Le programme ExoMars regroupe trois missions spatiales à destination de la planète Mars développées par l'Agence spatiale européenne (ESA) avec une participation importante de l'agence spatiale russe Roscosmos : l'orbiteur, ExoMars Trace Gas Orbiter (TGO) et l'atterrisseur ExoMars EDM qui doivent être lancés en 2016 et le Rover ExoMars lancé en 2018. Le financement doit être bouclé en novembre 2012 dans le cadre d'un conseil des ministres européens de l'espace.

Le programme a une genèse complexe du fait de son coût très important (1,2 Milliards € en 2012) rapporté au budget scientifique de l'ESA et de la nécessité de disposer des connaissances techniques pointues (atterrissage sur Mars) maîtrisées jusque là uniquement par la NASA. Au début des années 2000, l'ESA étudie dans le cadre du programme Aurora l'envoi à la surface de Mars d'un rover automatisé équipé d'instruments de mesures scientifiques avec pour objectif de déterminer si la planète abrite ou a abrité une vie biologique. En 2008 le projet a évolué et comprend un atterrisseur, un orbiteur et un rover. Fin 2009, le programme est refondu dans le cadre d'un partenariat mis en place avec la NASA qui prévoit la réalisation de quatre engins spatiaux : en 2016 devaient être lancés un orbiteur, ExoMars Trace Gas Orbiter (TGO), chargé de détecter l'origine du méthane et d'autres gaz présents dans l'atmosphère martienne et de servir de relais pour les communications ainsi qu'un atterrisseur ExoMars EDM devant démontrer la capacité européenne à faire atterrir un engin sur Mars : un deuxième lancement en 2018 devait envoyer vers Mars le rover européen ExoMars et un rover de la NASA, MAX-C. Dans ce scénario, la NASA fournissait les lanceurs, la majorité des instruments de TGO et le véhicule de rentrée et de descente embarquant les rovers ainsi que MAX-C. En 2011/2012 les difficultés financières de la NASA entrainent la réduction puis l'annulation de sa participation. L'ESA sollicite alors l'agence spatiale russe Roscosmos, qui devient officiellement en mars 2012 le nouveau partenaire du programme. Dans le nouveau scénario, Roscosmos fournit deux lanceurs Proton, une partie de l'instrumentation scientifique de l'orbiteur ExoMars TGO ainsi que le véhicule de rentrée et de descente utilisé par le rover européen lancé en 2018.

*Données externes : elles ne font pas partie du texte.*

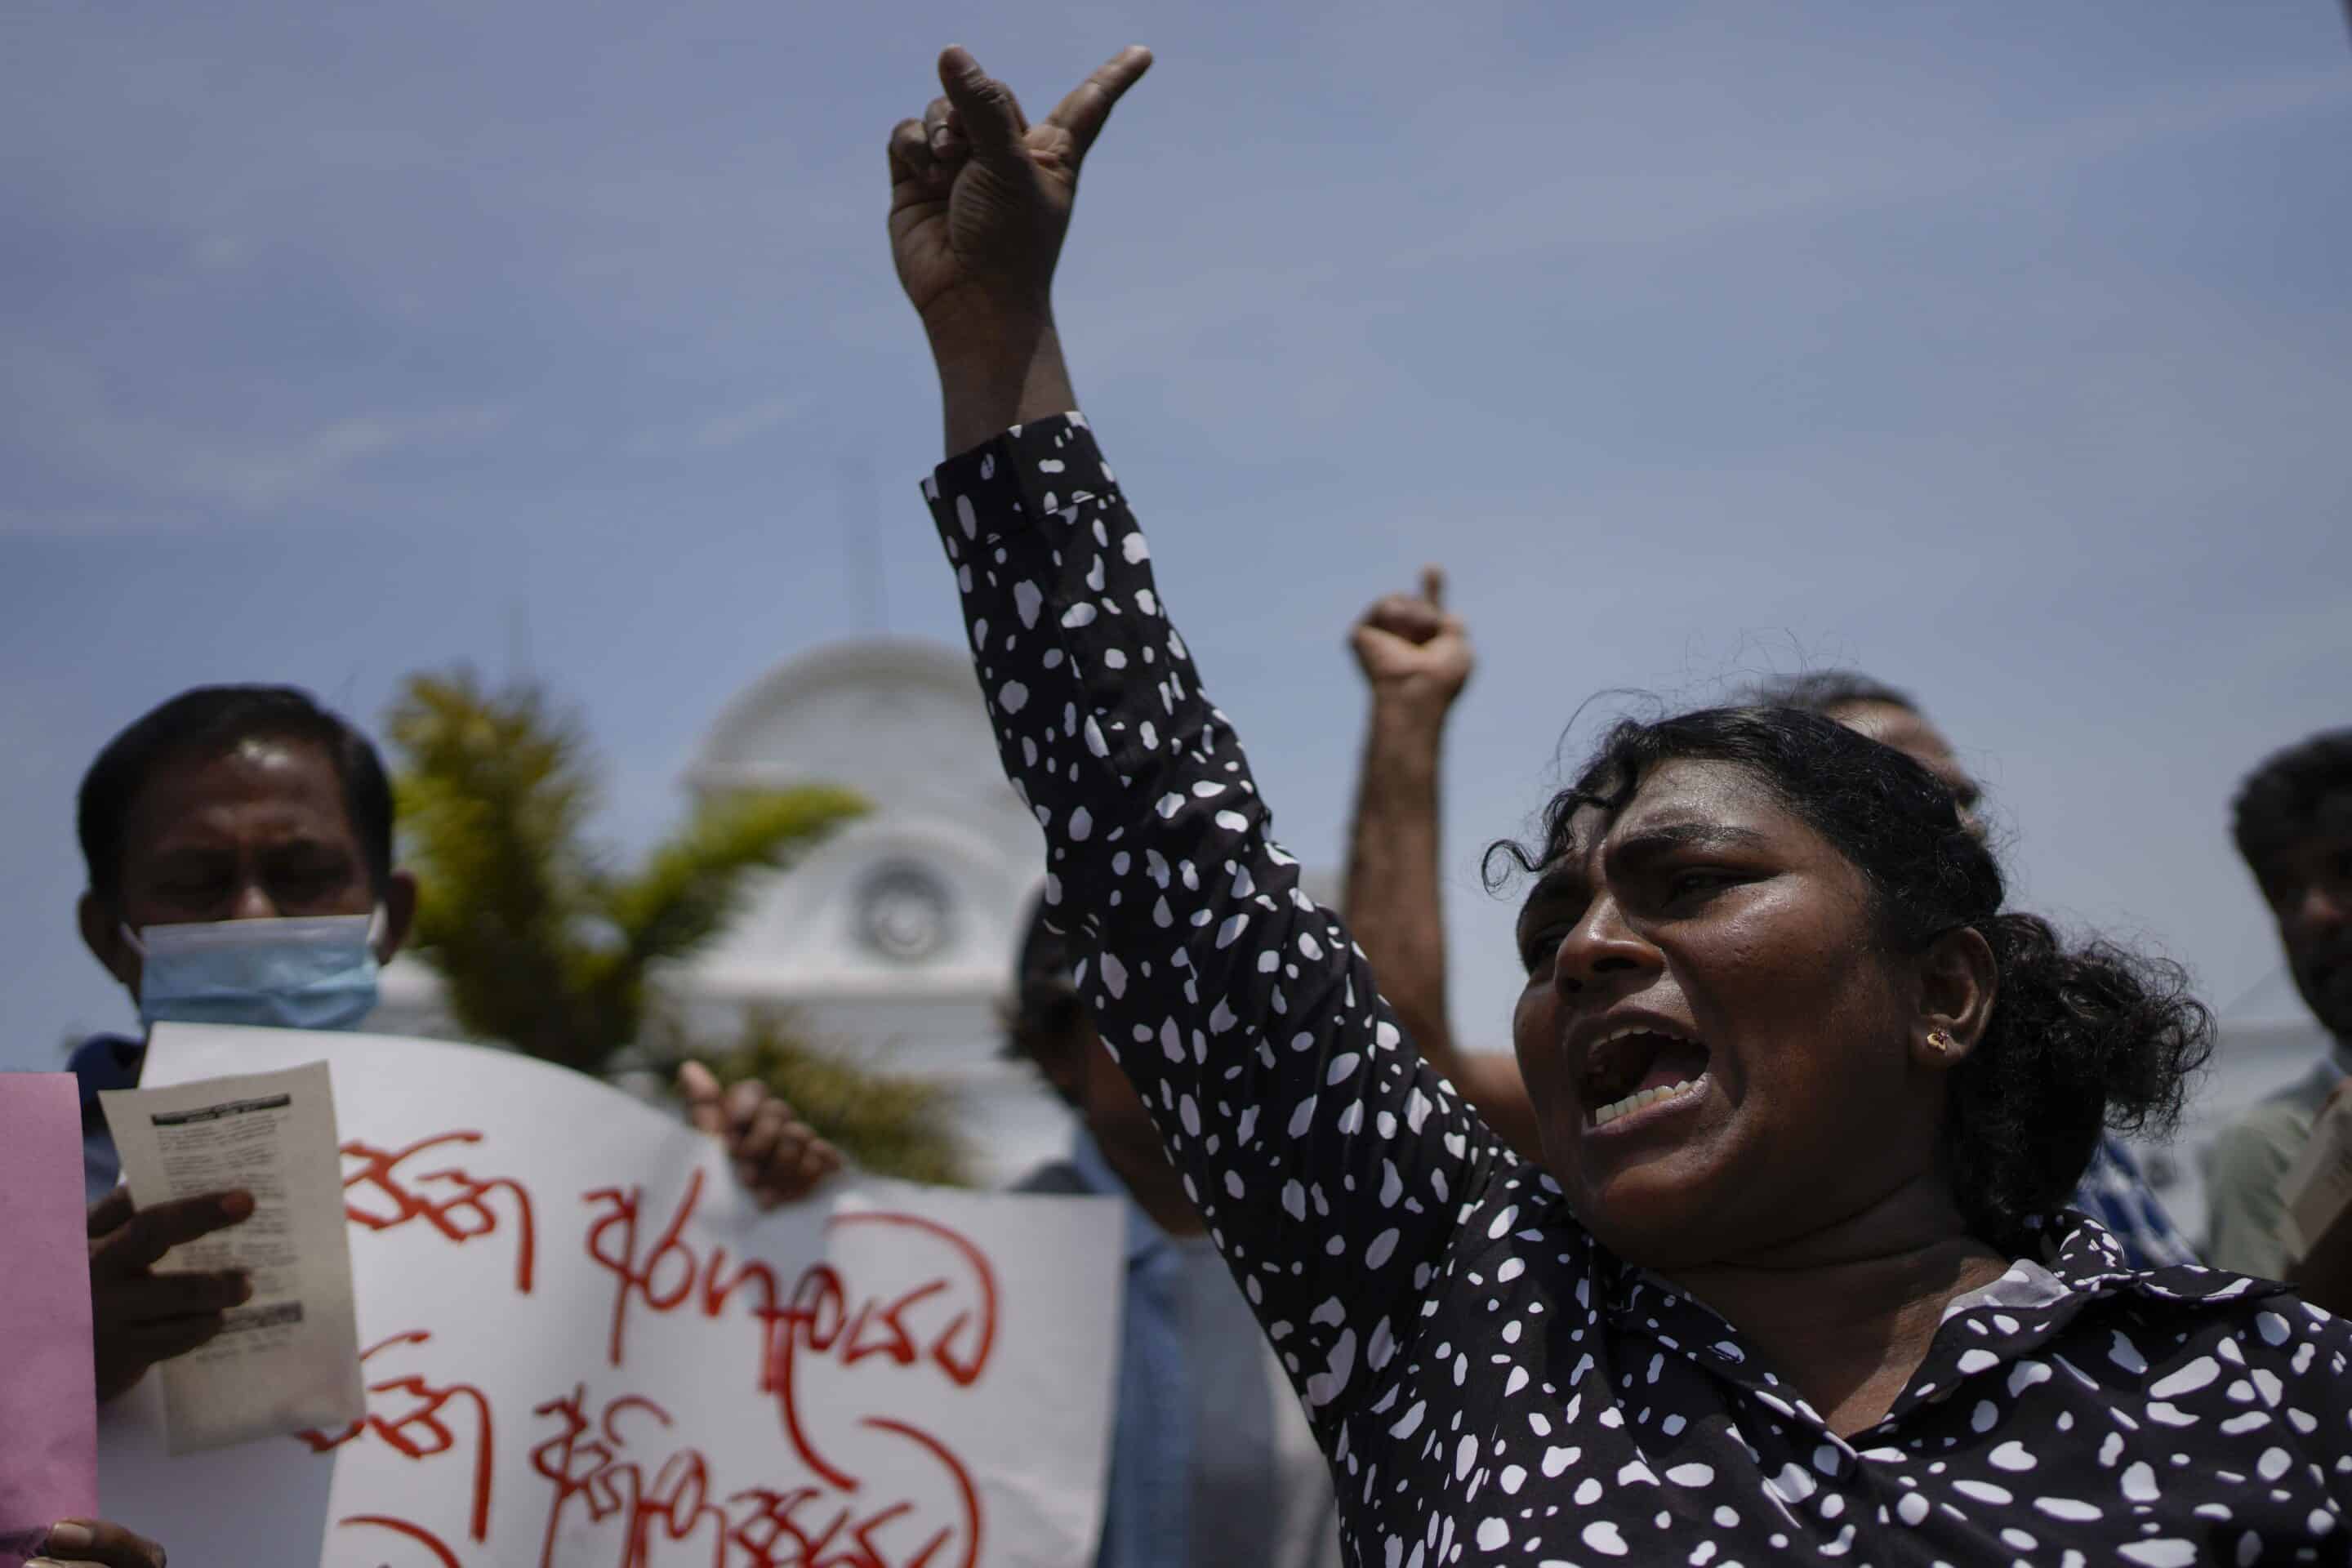 An anti government protester shouts slogans against the recent military eviction of their protest camp outside president's office in Colombo, Sri Lanka, Wednesday, July 27, 2022. (AP Photo/Eranga Jayawardena)/EJX103/22208448246560//2207271434

Historique du programme[modifier | modifier le code]

Au début des années 2000 un projet de rover martien européen ExoMars est mis à l'étude. Ce projet ambitieux est repoussé à plusieurs reprises car il nécessite à la fois des moyens financiers importants et la maîtrise des techniques d'atterrissage sur Mars. Il est inscrit en 2005 comme mission majeure (flagship mission) du programme Aurora et le conseil de l'ESA s'engage à lui consacrer 690 millions €. En 2008 le projet est refondu : il comprend désormais en plus du rover, un atterrisseur qui doit permettre de valider les techniques d'arrivée sur le sol martien et un orbiteur chargé notamment de relayer les communications entre le sol martien et la Terre. Les gouvernements des pays membres de l'ESA s'engagent sur un budget de 850 M€. Celui-ci ne couvre toutefois pas les couts qui sont estimés à 1 Mds €. En octobre 2009, la NASA et l'Agence spatiale européenne associent leurs projets respectifs d'exploration de la planète Mars dans le cadre de l'Initiative conjointe d'exploration de Mars : le rover américain MAX-C vient s'ajouter aux trois engins spatiaux précédents. Les robots doivent être lancés par des fusées Atlas fournies par la NASA en deux temps : 2016 pour l'orbiteur ExoMars Trace Gas Orbiter (TGO) et l'atterrisseur ExoMars EDM, 2018 pour le rover européen ExoMars et MAX-C. Par ailleurs l'agence spatiale américaine fournit la majorité des instruments scientifiques de l'orbiteur[1].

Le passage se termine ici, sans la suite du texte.